#### [Excerpted records]
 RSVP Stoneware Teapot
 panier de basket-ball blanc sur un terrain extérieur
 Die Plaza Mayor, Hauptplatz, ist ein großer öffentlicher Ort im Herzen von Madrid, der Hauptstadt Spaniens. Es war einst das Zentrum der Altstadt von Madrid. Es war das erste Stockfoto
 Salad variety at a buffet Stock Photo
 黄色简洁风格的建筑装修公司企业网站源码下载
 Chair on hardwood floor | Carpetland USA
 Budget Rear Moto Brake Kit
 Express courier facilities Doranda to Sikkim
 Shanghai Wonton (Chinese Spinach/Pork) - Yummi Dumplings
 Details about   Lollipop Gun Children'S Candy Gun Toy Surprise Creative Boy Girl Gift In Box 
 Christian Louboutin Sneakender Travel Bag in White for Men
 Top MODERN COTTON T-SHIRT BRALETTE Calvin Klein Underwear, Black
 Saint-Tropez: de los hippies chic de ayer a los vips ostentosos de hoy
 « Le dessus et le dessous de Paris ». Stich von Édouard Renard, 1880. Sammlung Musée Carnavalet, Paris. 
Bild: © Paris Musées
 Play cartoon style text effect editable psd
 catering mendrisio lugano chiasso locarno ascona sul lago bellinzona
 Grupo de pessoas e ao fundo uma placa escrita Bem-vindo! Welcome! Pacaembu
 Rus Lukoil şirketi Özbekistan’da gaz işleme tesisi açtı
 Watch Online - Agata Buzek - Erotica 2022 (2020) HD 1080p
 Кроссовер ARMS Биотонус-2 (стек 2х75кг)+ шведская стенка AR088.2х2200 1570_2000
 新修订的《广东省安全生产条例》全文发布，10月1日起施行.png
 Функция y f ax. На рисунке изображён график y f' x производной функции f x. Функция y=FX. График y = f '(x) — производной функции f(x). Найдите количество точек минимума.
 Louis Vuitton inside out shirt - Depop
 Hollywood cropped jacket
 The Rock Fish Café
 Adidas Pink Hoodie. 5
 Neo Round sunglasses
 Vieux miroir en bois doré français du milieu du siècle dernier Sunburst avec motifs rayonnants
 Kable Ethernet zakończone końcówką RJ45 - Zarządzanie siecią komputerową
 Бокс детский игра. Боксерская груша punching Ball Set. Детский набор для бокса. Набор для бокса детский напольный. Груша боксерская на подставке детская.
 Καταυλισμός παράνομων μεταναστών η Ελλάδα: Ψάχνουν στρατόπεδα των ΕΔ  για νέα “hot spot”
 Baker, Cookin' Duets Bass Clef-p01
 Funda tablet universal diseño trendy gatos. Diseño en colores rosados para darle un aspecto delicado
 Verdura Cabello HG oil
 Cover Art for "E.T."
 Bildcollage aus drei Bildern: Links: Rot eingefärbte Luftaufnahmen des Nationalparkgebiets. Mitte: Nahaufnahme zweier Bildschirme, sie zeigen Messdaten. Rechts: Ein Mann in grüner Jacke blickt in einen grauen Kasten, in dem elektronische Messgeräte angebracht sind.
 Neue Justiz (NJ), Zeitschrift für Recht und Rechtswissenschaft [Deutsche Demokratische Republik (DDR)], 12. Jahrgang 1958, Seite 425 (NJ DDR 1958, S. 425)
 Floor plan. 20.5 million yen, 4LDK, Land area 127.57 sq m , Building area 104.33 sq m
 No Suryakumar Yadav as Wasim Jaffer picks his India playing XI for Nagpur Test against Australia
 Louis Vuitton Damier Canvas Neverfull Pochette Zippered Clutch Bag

#### [Task objective]
The lines to copy run from the start of the records above through the line holding "Top MODERN COTTON"; give them exactly, both ends included, and nothing else.

#### [Task answer]
 RSVP Stoneware Teapot
 panier de basket-ball blanc sur un terrain extérieur
 Die Plaza Mayor, Hauptplatz, ist ein großer öffentlicher Ort im Herzen von Madrid, der Hauptstadt Spaniens. Es war einst das Zentrum der Altstadt von Madrid. Es war das erste Stockfoto
 Salad variety at a buffet Stock Photo
 黄色简洁风格的建筑装修公司企业网站源码下载
 Chair on hardwood floor | Carpetland USA
 Budget Rear Moto Brake Kit
 Express courier facilities Doranda to Sikkim
 Shanghai Wonton (Chinese Spinach/Pork) - Yummi Dumplings
 Details about   Lollipop Gun Children'S Candy Gun Toy Surprise Creative Boy Girl Gift In Box 
 Christian Louboutin Sneakender Travel Bag in White for Men
 Top MODERN COTTON T-SHIRT BRALETTE Calvin Klein Underwear, Black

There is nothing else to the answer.